Alvarado believes the marijuana supervised release should have been revoked at his first revocation proceeding in 1996, but he did not appeal that decision. Now,when that supervised release has been revoked, he argues that it evaporated with the first revocation proceeding. We reject Alvarado's argument that the revocation of one supervised release entailed the revocation of the other. Because Alvarado was on supervised release for the marijuana conviction, the district court had jurisdiction to revoke that supervised release.
AFFIRMED.
Notes:
District Judge of the Eastern District of Louisiana, sitting by designation.

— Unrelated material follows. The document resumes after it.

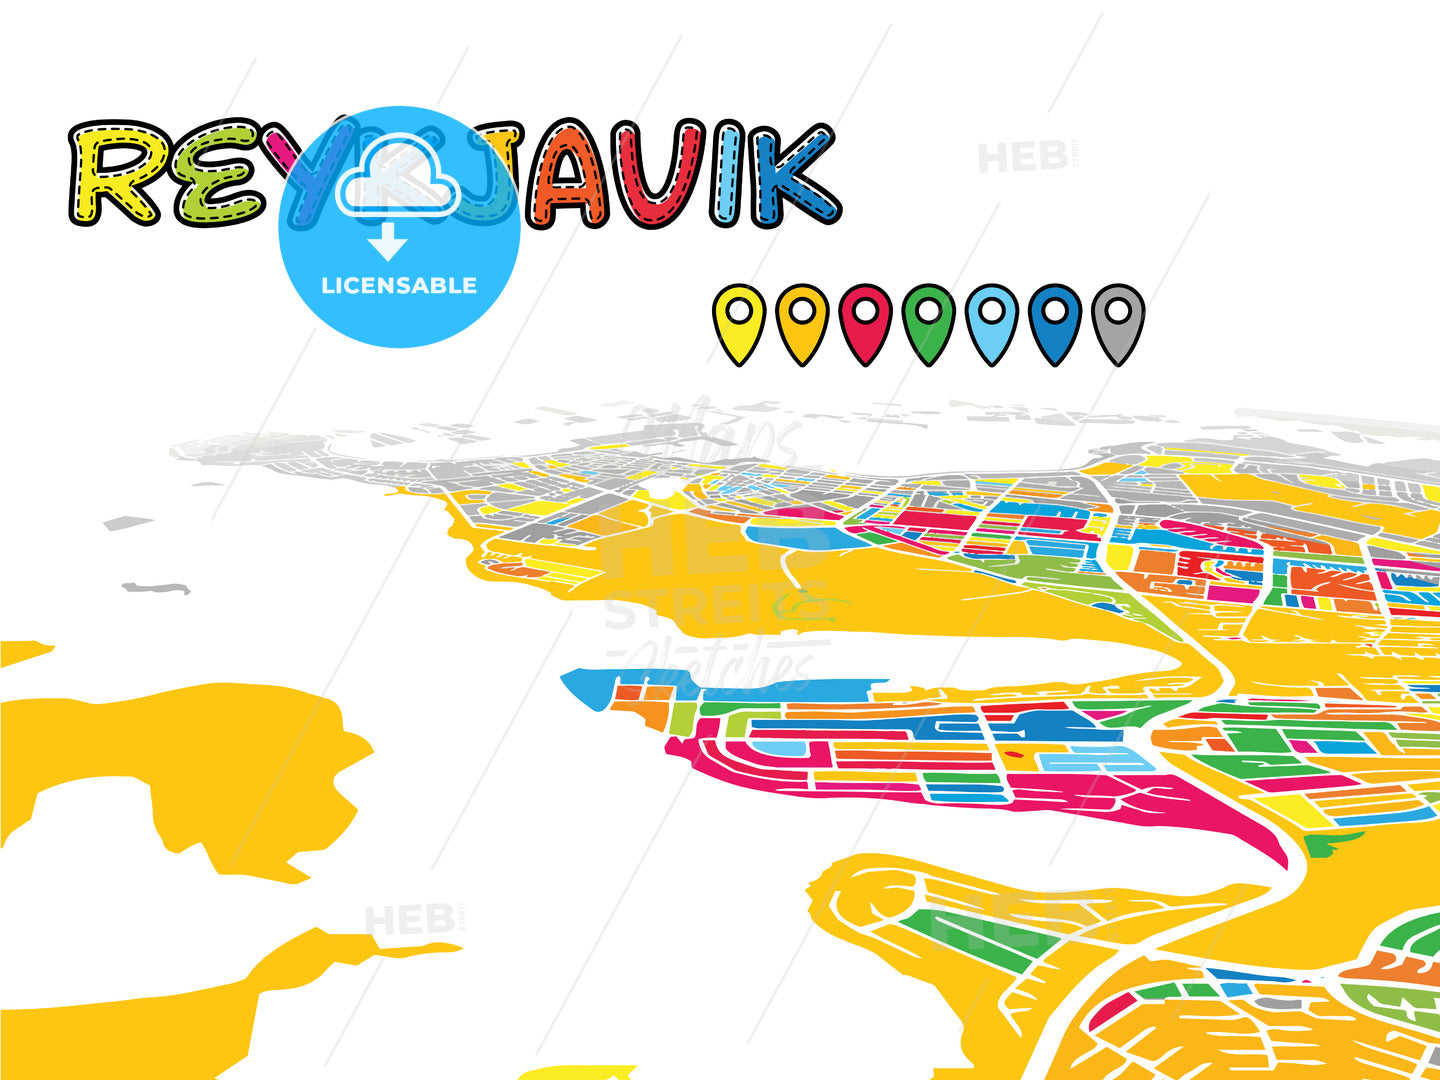 Reykjavik, Iceland, downtown map in perspective

18 U.S.C. 3605 provides that "[a] court to which jurisdiction is transferred under this section is authorized to exercise all powers over the probationer or releasee that are permitted by this subchapter or subchapter B or D of chapter 227." Section 3583(g) is in subchapter D of chapter 227, which governs imprisonment. This provision requires revocation when a defendant possesses a controlled substance. See United States v. Headrick, 963 F.2d 777, 779 (5th Cir. 1992). Drug use is equivalent to possession for purposes of this provision. See United States v. Courtney, 979 F.2d 45, 48 (5th Cir. 1992).
In a case with similar facts, the Eighth Circuit determined that the revocation of one of four concurrent terms of probation did not automatically revoke the remaining three, and that the other probationary terms could be revoked later for subsequent violations of their conditions. See McGaughey v. United States, 596 F.2d 796 (8th Cir. 1979)(per curiam).
Most Circuits hold that the application of amendments to the statutes governing revocation of supervised release or parole violates the Ex Post Facto Clause if the underlying criminal conduct occurred before the amendment became effective, even though the conduct causing the revocation occurred after the amendments' effective date. See United States v. Byrd, 116 F.3d 770, 773 n.1 (5th Cir.), cert. denied, 118 S. Ct. 354, 612 (1997).